PROVIDED MATERIAL:
══════════════════════════════

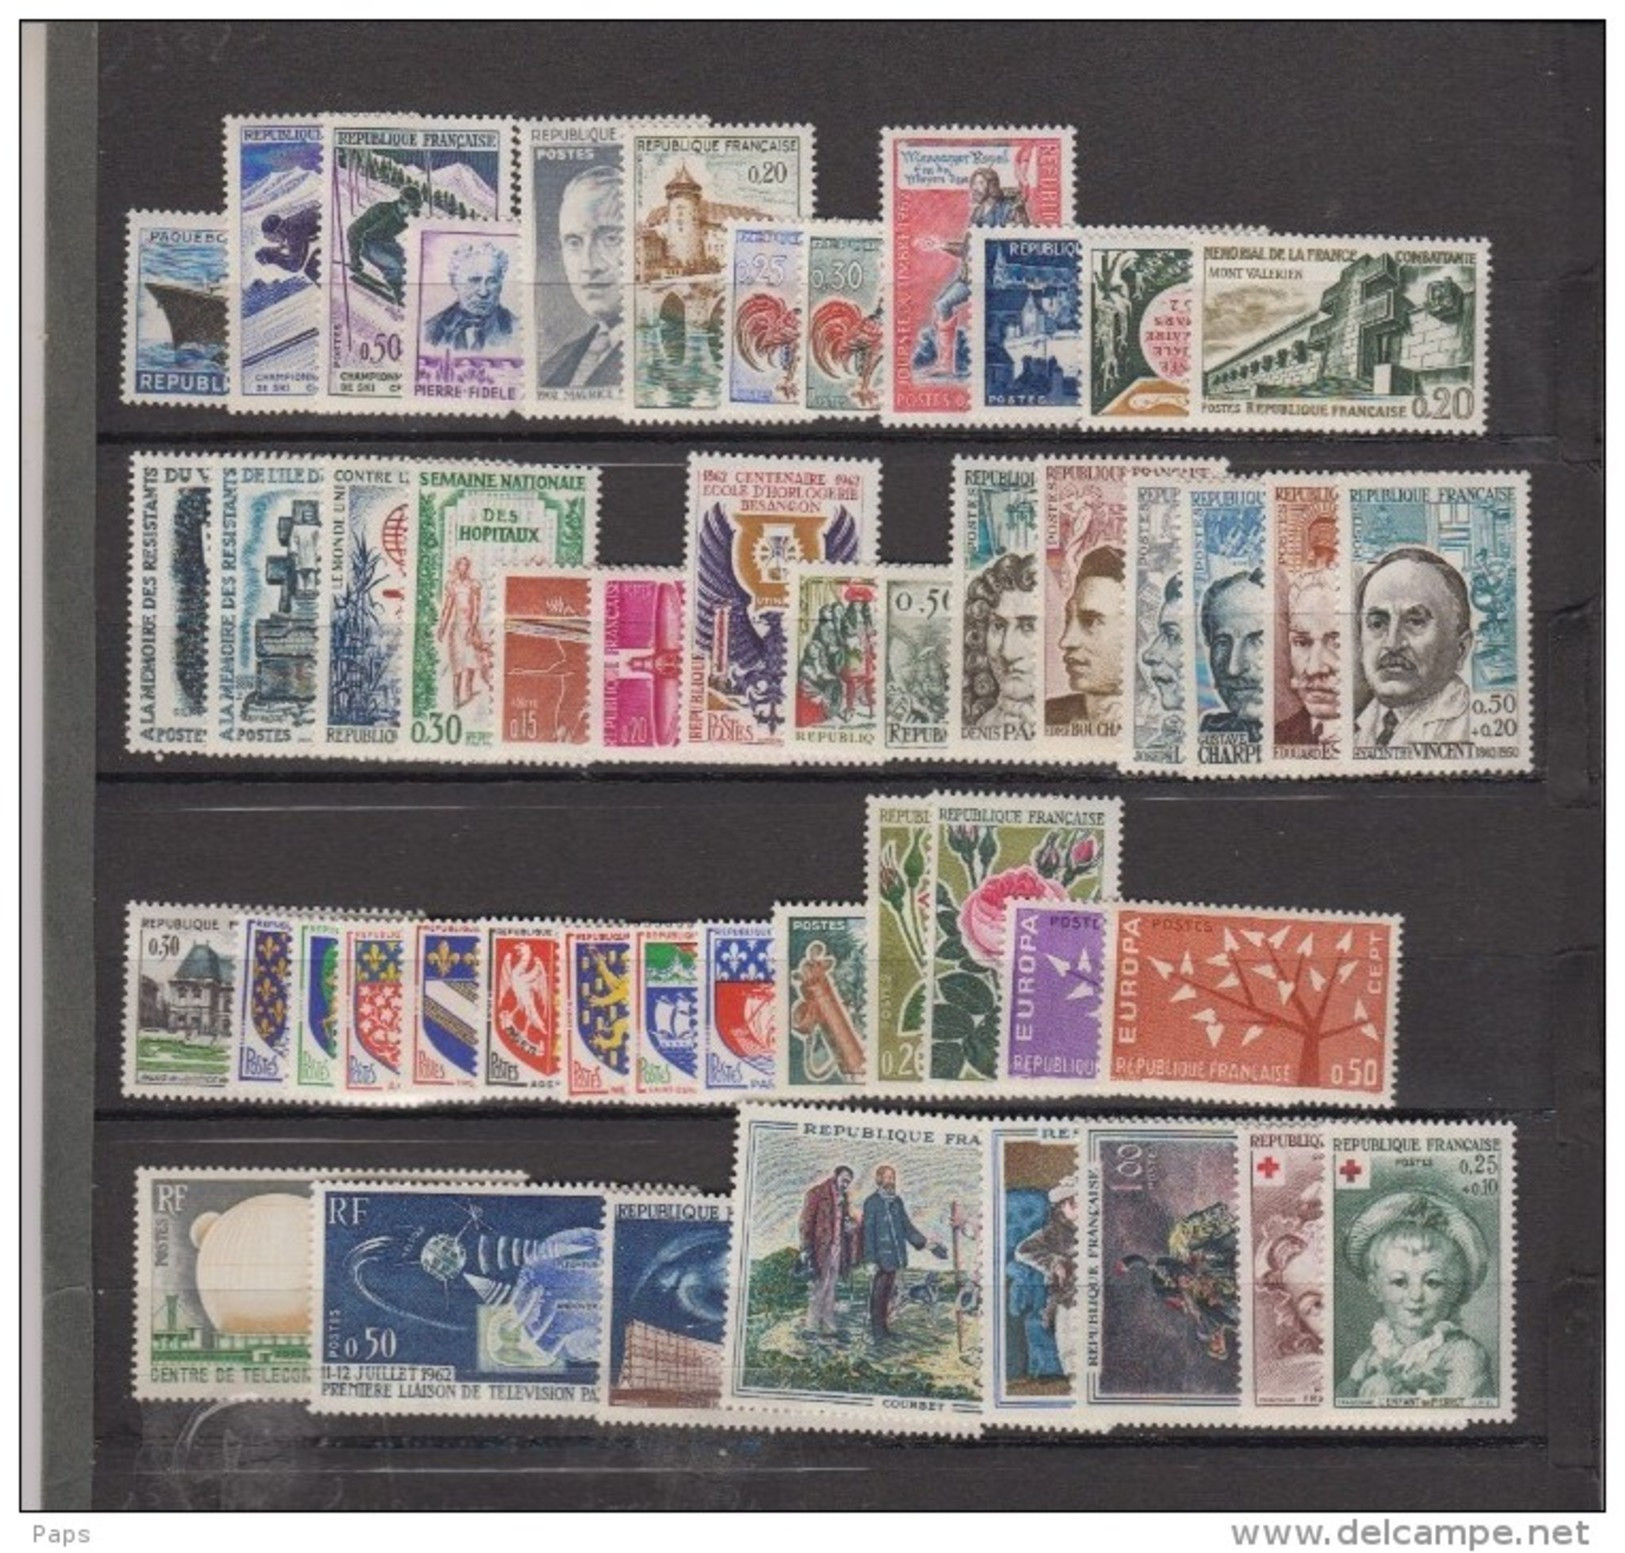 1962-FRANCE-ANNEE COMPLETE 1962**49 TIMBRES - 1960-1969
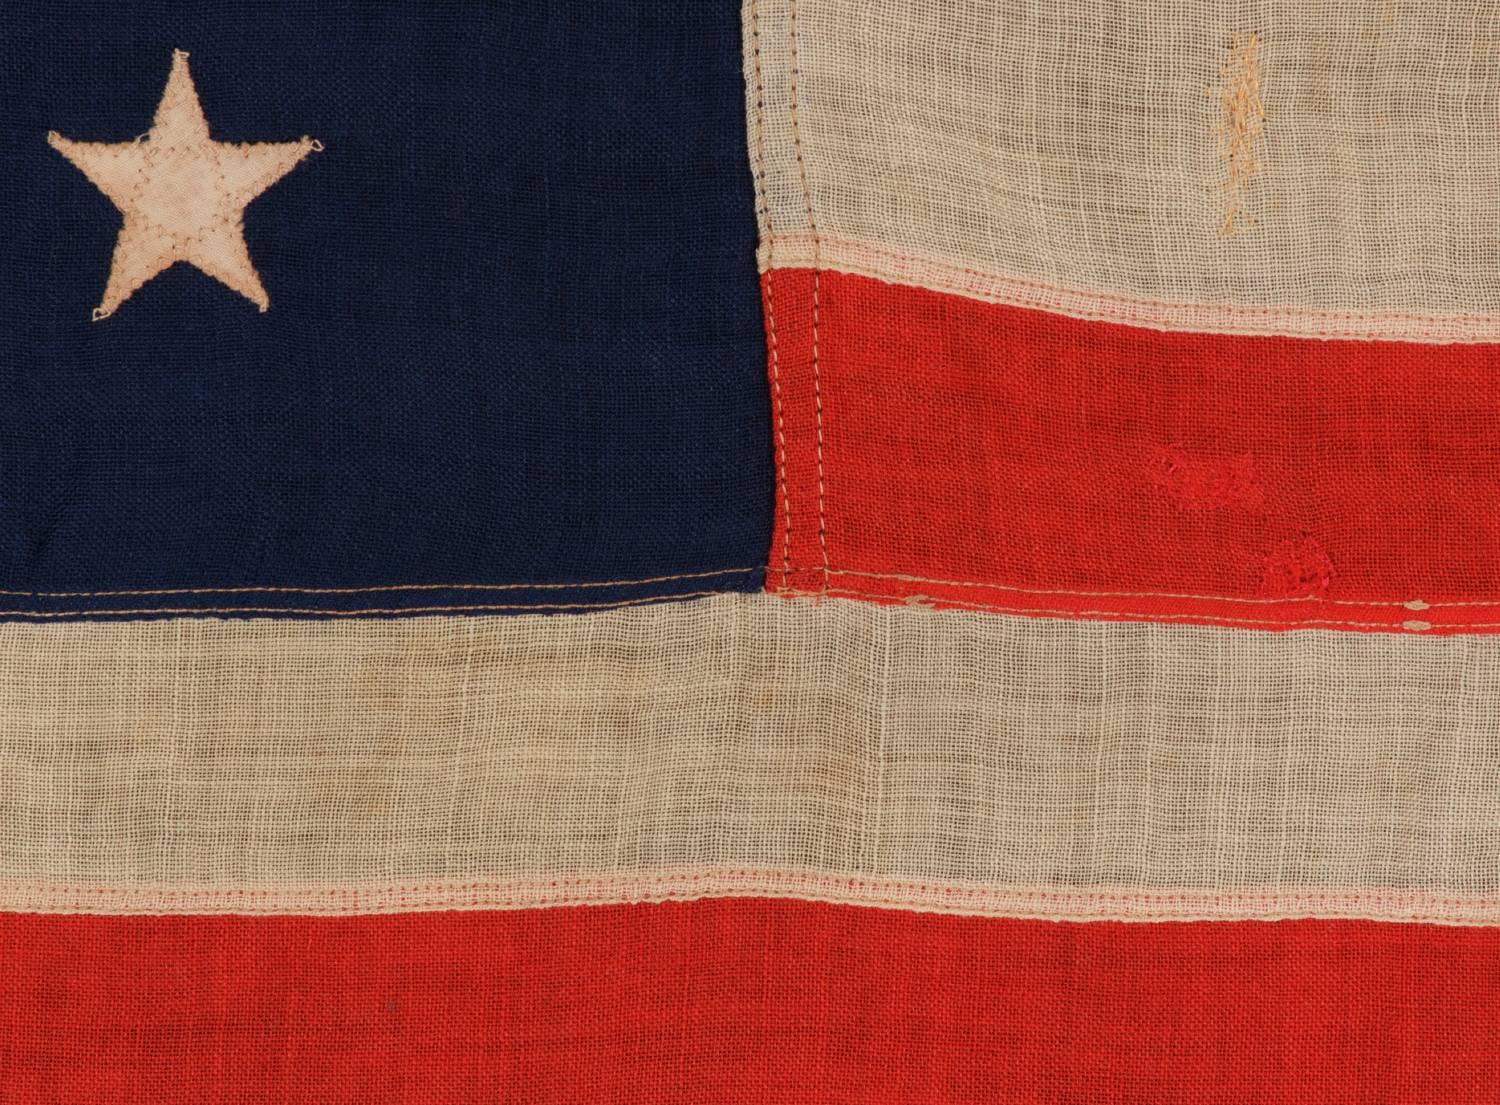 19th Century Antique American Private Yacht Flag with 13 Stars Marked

══════════════════════════════

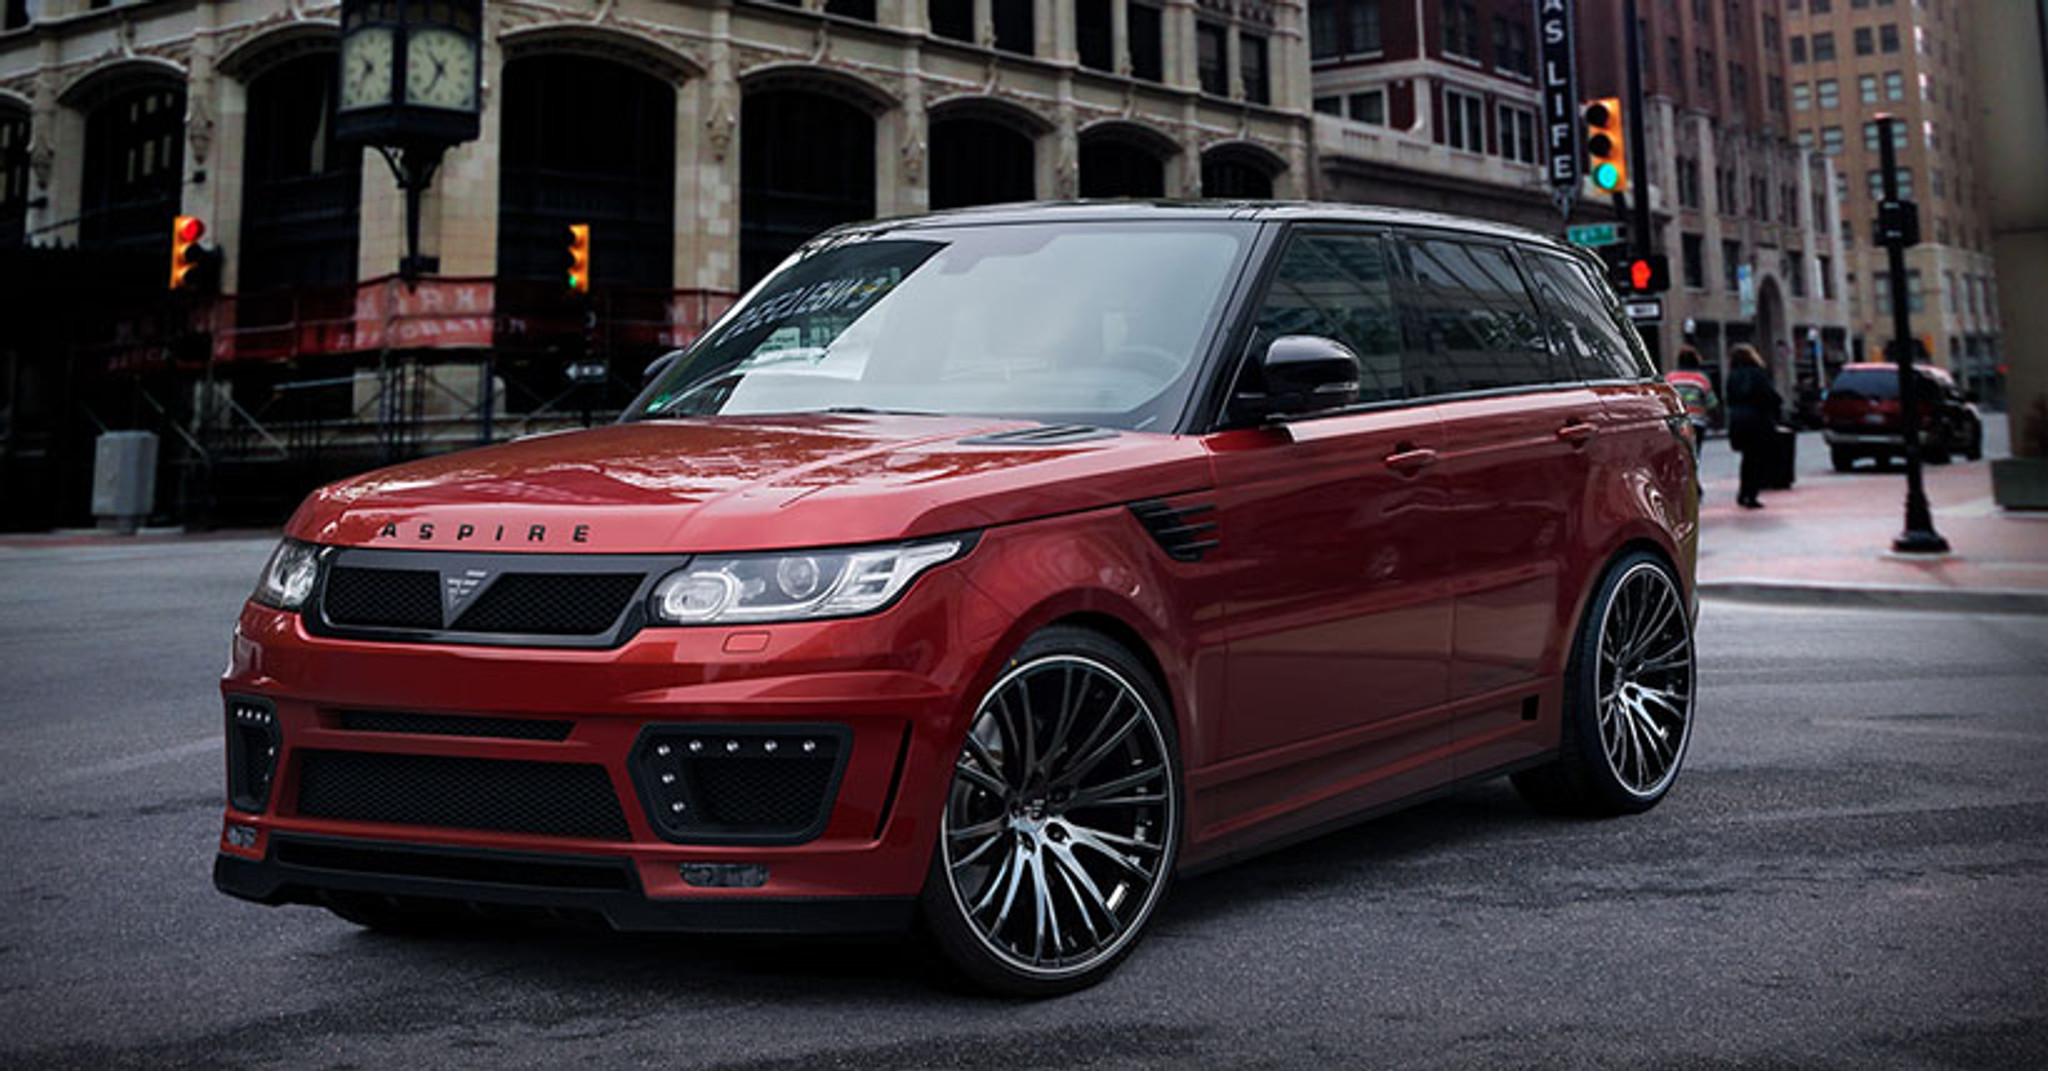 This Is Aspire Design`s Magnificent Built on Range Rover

══════════════════════════════

ACTIVITY: Transcribe only this stretch of the data: the line with "1962-FRANCE-ANNEE COMPLETE 1962**49", the line with "19th Century Antique", and every line in between. Leave out the pictures.

RESULT FOR THIS EXERCISE:
 1962-FRANCE-ANNEE COMPLETE 1962**49 TIMBRES - 1960-1969
 19th Century Antique American Private Yacht Flag with 13 Stars Marked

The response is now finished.